Report all lines of the data below that hold the word "There".

── GIVEN DATA

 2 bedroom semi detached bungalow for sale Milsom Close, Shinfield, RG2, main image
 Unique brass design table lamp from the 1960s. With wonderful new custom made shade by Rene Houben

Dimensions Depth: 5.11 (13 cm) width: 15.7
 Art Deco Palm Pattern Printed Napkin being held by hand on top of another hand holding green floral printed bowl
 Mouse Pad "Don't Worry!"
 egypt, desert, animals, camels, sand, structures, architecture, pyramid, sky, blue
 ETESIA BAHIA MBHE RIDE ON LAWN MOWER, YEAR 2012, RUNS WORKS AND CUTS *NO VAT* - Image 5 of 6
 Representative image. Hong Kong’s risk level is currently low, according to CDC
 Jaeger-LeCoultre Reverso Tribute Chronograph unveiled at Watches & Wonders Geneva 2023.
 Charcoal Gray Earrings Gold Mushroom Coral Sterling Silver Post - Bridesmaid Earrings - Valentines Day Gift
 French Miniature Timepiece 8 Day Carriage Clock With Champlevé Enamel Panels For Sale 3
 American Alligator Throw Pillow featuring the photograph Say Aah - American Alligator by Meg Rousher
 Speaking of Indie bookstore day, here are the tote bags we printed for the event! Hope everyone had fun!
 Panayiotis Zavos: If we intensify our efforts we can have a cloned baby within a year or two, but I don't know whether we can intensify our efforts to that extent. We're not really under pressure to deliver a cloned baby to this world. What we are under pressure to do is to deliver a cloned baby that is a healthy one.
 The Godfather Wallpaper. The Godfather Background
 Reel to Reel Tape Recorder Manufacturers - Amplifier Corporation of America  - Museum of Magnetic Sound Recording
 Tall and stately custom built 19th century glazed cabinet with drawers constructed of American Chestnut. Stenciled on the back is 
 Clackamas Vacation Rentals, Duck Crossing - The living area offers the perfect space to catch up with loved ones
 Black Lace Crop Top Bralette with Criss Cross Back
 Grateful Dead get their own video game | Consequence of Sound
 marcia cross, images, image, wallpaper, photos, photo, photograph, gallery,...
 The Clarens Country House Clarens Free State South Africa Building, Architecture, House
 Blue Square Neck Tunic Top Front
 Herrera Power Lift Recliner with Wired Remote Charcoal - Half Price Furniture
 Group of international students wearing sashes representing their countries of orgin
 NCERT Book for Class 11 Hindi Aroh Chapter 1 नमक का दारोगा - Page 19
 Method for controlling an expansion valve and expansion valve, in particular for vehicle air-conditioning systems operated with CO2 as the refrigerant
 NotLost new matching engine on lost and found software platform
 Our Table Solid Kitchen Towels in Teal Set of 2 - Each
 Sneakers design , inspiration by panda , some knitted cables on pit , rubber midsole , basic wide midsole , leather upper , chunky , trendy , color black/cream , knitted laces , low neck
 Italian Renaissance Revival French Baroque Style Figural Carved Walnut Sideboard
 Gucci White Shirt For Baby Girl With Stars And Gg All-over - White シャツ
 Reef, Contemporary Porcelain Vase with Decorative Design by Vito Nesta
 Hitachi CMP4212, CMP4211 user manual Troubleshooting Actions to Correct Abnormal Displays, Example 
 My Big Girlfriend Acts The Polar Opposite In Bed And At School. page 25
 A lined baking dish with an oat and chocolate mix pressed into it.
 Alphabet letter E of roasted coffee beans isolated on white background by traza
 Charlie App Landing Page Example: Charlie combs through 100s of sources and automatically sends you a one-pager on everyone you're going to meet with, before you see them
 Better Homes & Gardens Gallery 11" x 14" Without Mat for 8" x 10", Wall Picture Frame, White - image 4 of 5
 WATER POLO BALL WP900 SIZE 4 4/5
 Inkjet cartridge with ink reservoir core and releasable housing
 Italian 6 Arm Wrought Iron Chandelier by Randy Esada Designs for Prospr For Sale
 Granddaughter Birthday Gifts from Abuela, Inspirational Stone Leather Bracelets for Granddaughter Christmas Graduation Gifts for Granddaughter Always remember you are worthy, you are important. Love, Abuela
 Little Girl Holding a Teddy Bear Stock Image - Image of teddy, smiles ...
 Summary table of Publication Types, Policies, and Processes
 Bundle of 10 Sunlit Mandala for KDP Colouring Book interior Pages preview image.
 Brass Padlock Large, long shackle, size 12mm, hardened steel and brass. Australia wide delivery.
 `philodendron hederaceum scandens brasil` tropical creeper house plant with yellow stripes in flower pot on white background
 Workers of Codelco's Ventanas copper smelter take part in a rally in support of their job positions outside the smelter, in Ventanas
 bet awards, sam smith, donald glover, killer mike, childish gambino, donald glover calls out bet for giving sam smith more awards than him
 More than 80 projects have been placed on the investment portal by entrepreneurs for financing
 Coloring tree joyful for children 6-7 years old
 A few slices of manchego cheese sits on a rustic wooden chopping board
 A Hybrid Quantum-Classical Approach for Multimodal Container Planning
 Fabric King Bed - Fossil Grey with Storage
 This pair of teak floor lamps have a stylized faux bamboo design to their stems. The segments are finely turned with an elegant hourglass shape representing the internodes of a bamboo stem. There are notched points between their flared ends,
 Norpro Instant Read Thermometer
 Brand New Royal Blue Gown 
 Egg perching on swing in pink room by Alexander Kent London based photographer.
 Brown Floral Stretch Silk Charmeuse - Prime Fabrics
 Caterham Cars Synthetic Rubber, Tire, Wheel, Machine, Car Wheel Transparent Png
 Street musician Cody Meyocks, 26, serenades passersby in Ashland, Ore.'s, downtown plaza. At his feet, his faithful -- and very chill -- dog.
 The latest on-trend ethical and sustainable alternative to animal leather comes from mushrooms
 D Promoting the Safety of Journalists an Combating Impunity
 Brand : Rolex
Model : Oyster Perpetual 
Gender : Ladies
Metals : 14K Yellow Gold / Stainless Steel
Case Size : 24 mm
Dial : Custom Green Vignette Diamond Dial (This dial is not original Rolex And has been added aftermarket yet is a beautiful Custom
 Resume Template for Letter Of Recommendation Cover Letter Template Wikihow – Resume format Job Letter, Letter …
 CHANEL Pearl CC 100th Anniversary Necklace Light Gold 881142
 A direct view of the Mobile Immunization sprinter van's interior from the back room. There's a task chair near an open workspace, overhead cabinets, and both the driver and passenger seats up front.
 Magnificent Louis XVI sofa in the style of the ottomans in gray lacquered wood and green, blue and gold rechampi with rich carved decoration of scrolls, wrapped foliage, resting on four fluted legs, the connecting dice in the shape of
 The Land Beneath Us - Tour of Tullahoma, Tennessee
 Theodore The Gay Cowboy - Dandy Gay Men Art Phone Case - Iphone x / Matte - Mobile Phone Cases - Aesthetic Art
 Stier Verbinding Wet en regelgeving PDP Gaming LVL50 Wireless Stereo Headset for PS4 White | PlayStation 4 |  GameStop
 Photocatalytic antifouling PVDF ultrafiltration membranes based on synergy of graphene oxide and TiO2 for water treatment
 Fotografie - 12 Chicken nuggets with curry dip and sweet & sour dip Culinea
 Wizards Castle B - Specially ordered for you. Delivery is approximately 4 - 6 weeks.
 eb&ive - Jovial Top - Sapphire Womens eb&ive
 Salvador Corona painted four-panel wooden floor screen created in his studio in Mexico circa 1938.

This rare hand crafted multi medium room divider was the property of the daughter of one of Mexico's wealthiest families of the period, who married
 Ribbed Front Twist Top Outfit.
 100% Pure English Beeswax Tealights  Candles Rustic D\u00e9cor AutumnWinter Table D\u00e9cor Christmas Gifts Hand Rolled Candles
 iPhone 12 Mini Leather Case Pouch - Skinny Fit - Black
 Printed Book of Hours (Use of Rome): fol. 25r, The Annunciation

────

**WRITTEN SOLUTION:**
 This pair of teak floor lamps have a stylized faux bamboo design to their stems. The segments are finely turned with an elegant hourglass shape representing the internodes of a bamboo stem. There are notched points between their flared ends,
 A direct view of the Mobile Immunization sprinter van's interior from the back room. There's a task chair near an open workspace, overhead cabinets, and both the driver and passenger seats up front.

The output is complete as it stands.